Copropriété : litiges et contentieux

Copropriétaire : agir seul en justice
Copropriétaires : l'action en justice
Copropriété et actions en justice : les procédures

Copropriété et actions en justice : les procédures


Tous les litiges de copropriétés sont portés devant la juridiction du lieu où se situe l'immeuble en cause. La difficulté réside dans la question : mais quel tribunal saisir ?

Tout dépend de la nature de l'affaire et de son importance, puisque les actions seront menées, soit devant le tribunal de grande instance, soit devant le juge de proximité ou le tribunal d'instance.

Quelle juridiction ?

Le tribunal de grande instance est compétent si la contestation porte sur une décision de l'assemblée générale, la répartition des charges courantes, les travaux d'amélioration, l'interprétation du règlement de copropriété (délimitation des parties communes/ privatives, conditions de jouissance...).

Le juge de proximité se prononcera sur toutes les autres questions et notamment les impayés de travaux, à condition que les sommes en jeu ne dépassent pas 1 500 € maxi. Si elles sont comprises entre 1 500 € et 7 600 €, le tribunal d'instance est compétent. Au-delà de 7 600 €, il faut saisir le tribunal de grande instance.

La procédure est, dans certains cas, accélérée.
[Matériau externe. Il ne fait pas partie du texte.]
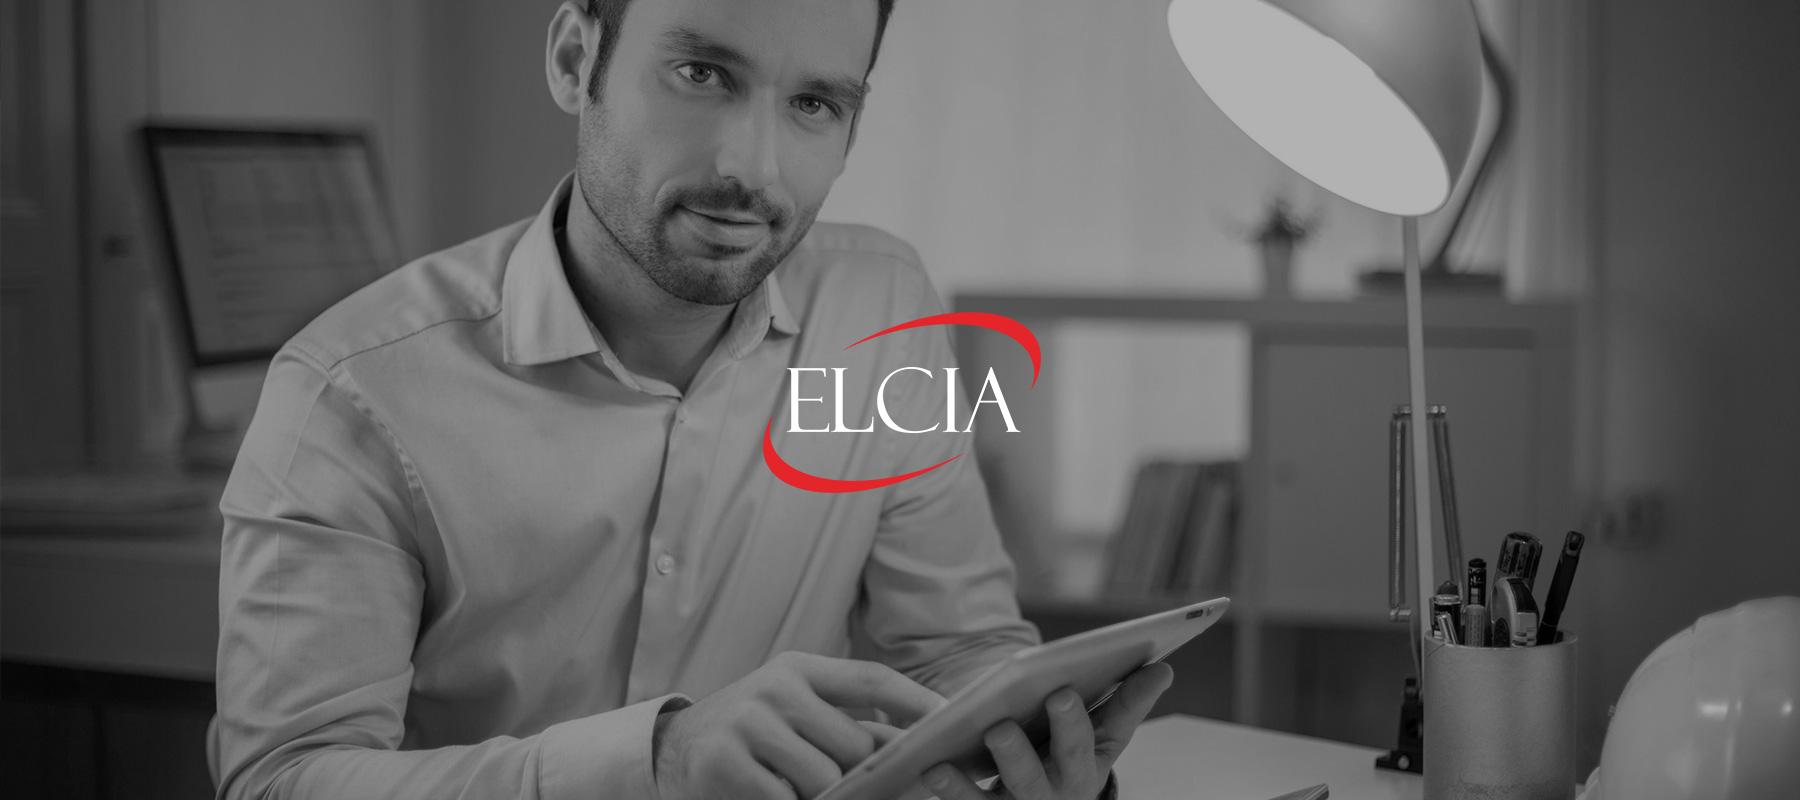 Elcia design interface logiciel direction artistique for Les stands brignais

Une requête sera ainsi adressée directement au président du tribunal de grande instance pour obliger, par exemple, un copropriétaire récalcitrant à dresser un état des lieux. Ce magistrat peut également décider seul en cas d'urgence, notamment s'il est indispensable, pour la sauvegarde de l'immeuble, de réaliser des travaux rapidement.


Les délais de prescription

En matière de copropriété, le délai maximal pour agir est en principe de 10 ans. Les actions ne peuvent donc pas concerner des préjudices subis au-delà de cette période. De même, le syndic ne peut réclamer en justice le paiement de charges vieilles de plus de 10 ans.
Mais attention !... Sur ce dernier point, le délai de prescription est l'objet d'une hésitation des tribunaux, certains fixant le délai à 5 ans seulement. Mieux vaut donc ne pas trop attendre pour engager une action contre un copropriétaire mauvais payeur.


Bon à savoir

Devant le tribunal d'instance, l'assistance d'un avocat n'est pas obligatoire.
En cas d'impayés de charges courantes représentant tout au plus 3 800 €, il est possible d'utiliser une procédure simplifiée : la déclaration au greffe du tribunal d'instance.